Fine-Tuned Silica Rods Can Lead to Anti-Reflective Solar Panels

The goal of fabricating fixed-size one-dimensional silica structures and being able to precisely control the diameter during growth has long eluded scientists. Now, Panos Datskos and Jaswinder Sharma have demonstrated what they describe as the addressable local control of diameter of each segment of the silica rod.

“In nature, many intricate structures develop and grow in response to their environments,” said Sharma, a Wigner Fellow and corresponding author of the Angewandte Chemie International Edition paper (see footnote) that outlines the process. “For example, in addition to genotype, shell shape is also controlled by the local environment in many oysters and scallops.”
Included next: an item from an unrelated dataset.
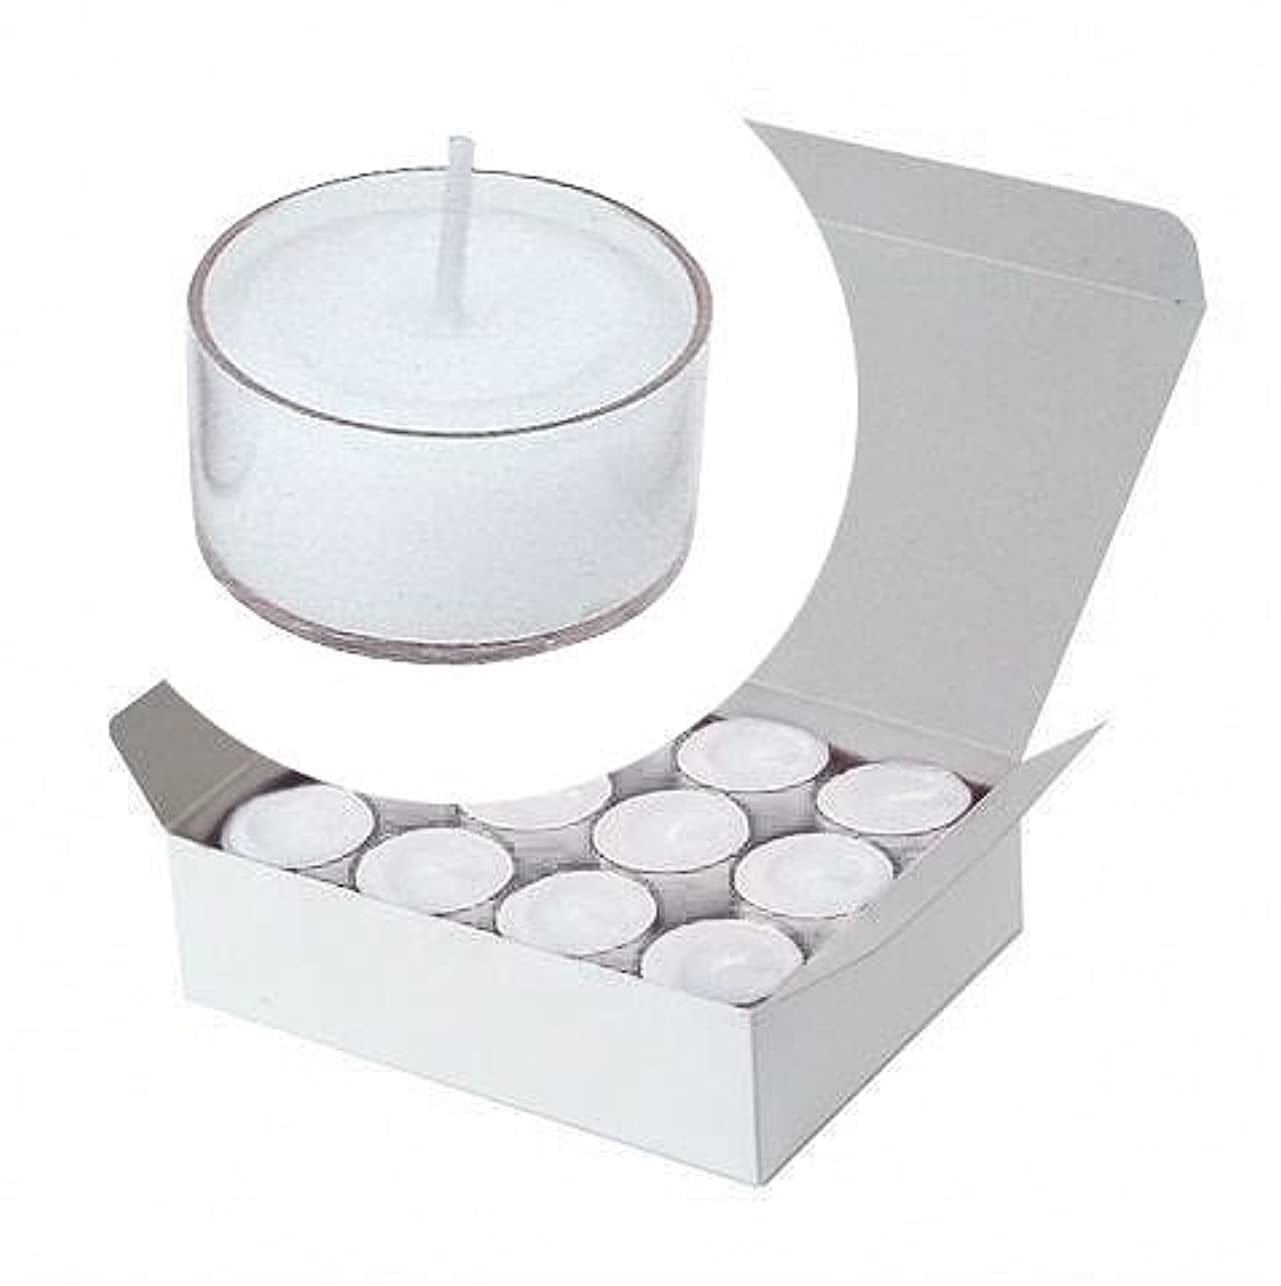 妖精安定器具カメヤマキャンドル(kameyama candle) クリアカップティーライト24個入り 「 クリア 」

Taking a cue from nature, by manipulating the reaction temperature during growth, Sharma and co-author Datskos were able to control thickness while retaining control of each segment of the rod separately.

When the researchers increased growth temperatures, the segment diameter became smaller. By increasing incubation times, they obtained longer segments at the same temperature. Higher temperatures for the same incubation time produced longer segments of the glass-like silica rods.

It appears that the correlation between temperature and diameter is a result of the relationship between temperature and the size of the emulsion droplet, according to the authors, who discovered that the higher the temperature, the smaller the emulsion droplet.

The researchers envision this finding leading to further opportunities that require vertically aligned arrays of silica rods for gradually changing a refractive index on a large scale.

As bare silicon has a surface reflection of over 30%, various anti-reflection coatings are essential to increase the solar cell efficiency. The ability to control the diameter of colloidal structures can potentially help create materials for more efficient anti-reflective solar panels.